Miese Hygiene, viel Alkohol und gefährliche Pflegefehler: Was ehemalige Angestellte eines Pflegeheims in Hemmental erzählen, ist nichts für schwache Nerven.
Villa Wahnsinn, so nennen sie ihren ehemaligen Arbeitsort.
Vier ehemalige Pflegerinnen waren bereit, über gravierende Missstände im Pflege- und Altersheim Hand in Hand zu sprechen. Ihre Geschichten sind glaubwürdig, übereinstimmend und passen zu Dokumenten, die der AZ vorliegen. Sie handeln von gefährlichen Pflegefehlern, von Alkohol- und Medikamentenmissbrauch, von manipulierten Abrechnungen, von schlechter Hygiene und Vernachlässigung.

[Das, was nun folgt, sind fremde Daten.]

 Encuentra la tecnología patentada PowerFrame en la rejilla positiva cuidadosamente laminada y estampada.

Das Problem, darin sind sich alle einig, sind «der Chef» und «die Chefin»: der Geschäftsleiter und die Pflegedienstleiterin. Sie haben das Hand in Hand in Neunkirch aufgebaut und vor fünf Jahren nach Hemmental verlegt, in eine grosszügige Villa, die das Paar auch bewohnt.

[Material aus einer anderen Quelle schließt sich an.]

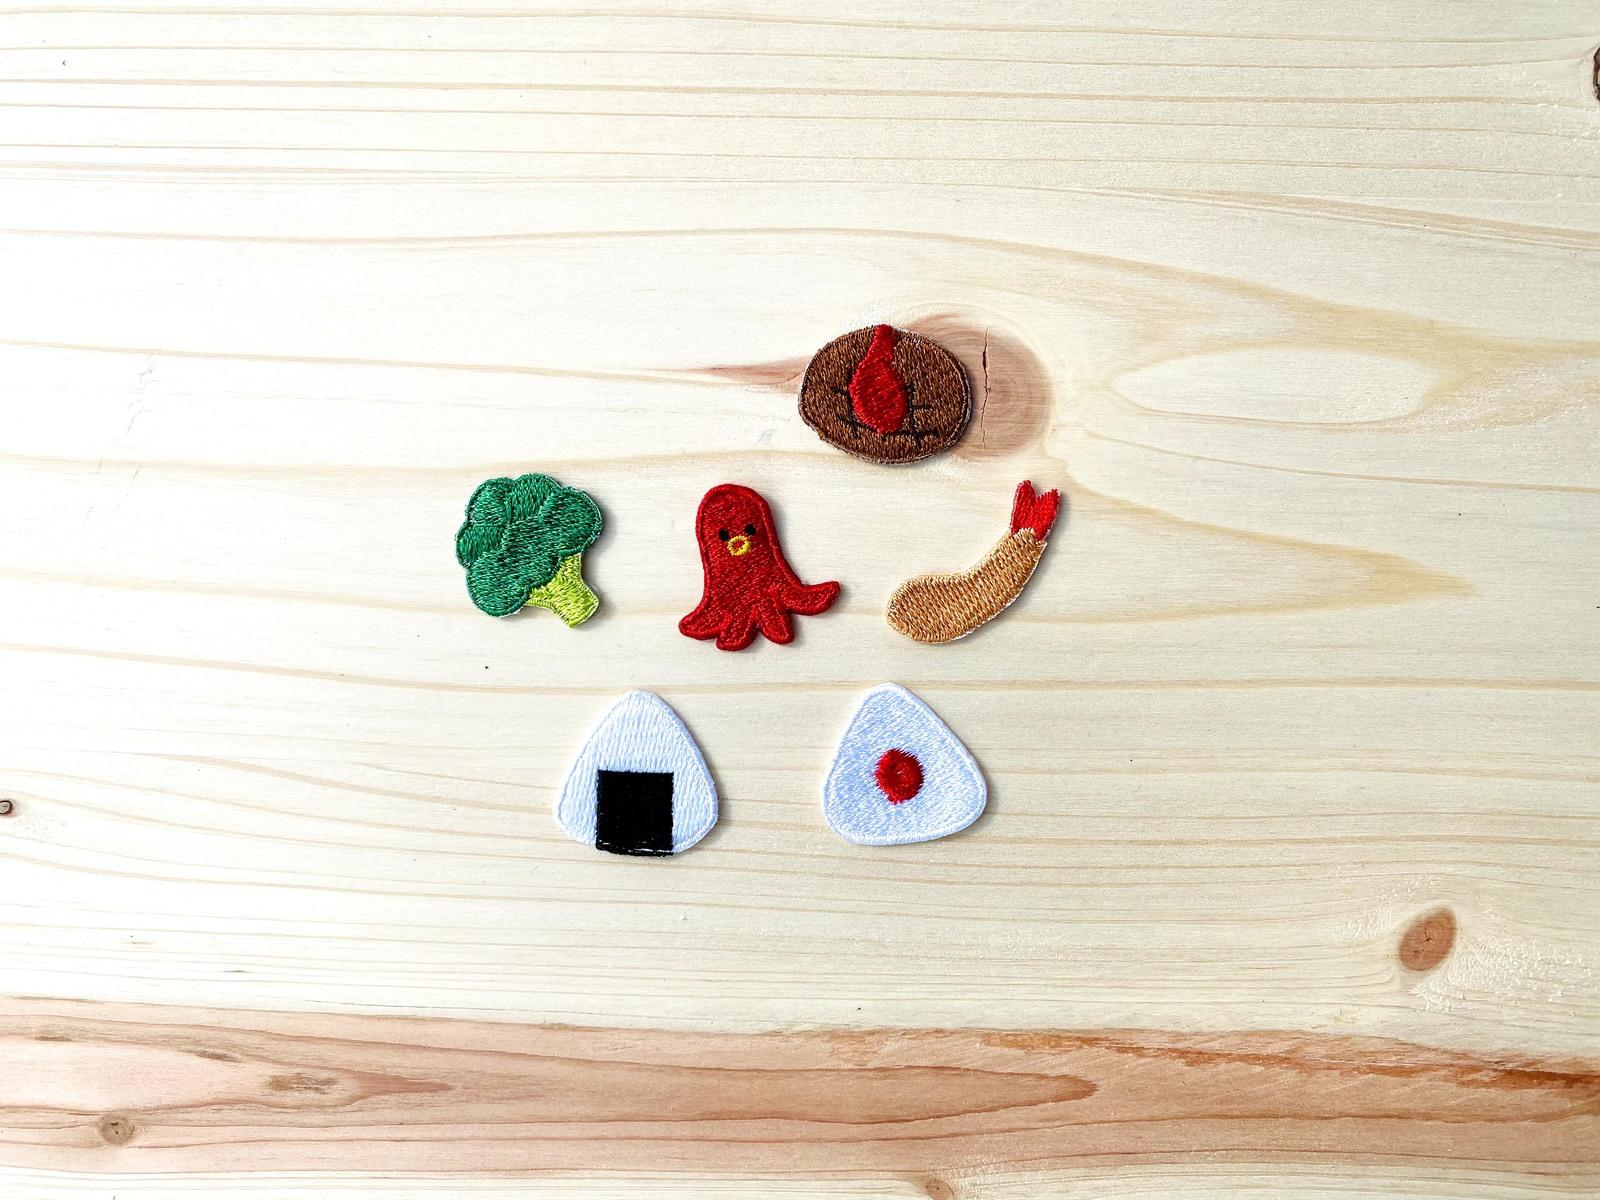 大 本日の目玉 お弁当の刺繍ワッペン タコさんウィンナー 直営店 のりおにぎり 梅おにぎり ブロッコリー 入園準備 エビフライ ハンバーグ

Alle Schilderungen in diesem Text betreffen den Zeitraum der letzten drei Jahre. «Ich verstehe nicht, warum das Hand in Hand noch offen ist», sagt eine.
Die Hygiene
«Allein schon wegen der Hygiene würde das Heim geschlossen, wenn im richtigen Moment eine unangemeldete Kontrolle stattfinden würde», ist eine der Frauen überzeugt. Andere erzählen von mehreren Tage alten Urinflecken im Bad, von einer verschmutzten Oberfläche, auf der Medikamente gerichtet wurden, von Inkontinenzeinlagen, die einer Person trotz deutlicher Spuren wieder angezogen wurden. «Als ich meine Schicht antrat, fand ich auf einem Nachttisch gebrauchte Handschuhe, mit denen ein ansteckender Hautpilz behandelt worden war», erzählt eine der Frauen. Einen anderen, bettlägerigen Bewohner traf sie mehrmals verstuhlt in verschmierten Laken an, obwohl ihr bei der Übergabe gesagt wurde, er sei gerade frisch gemacht worden.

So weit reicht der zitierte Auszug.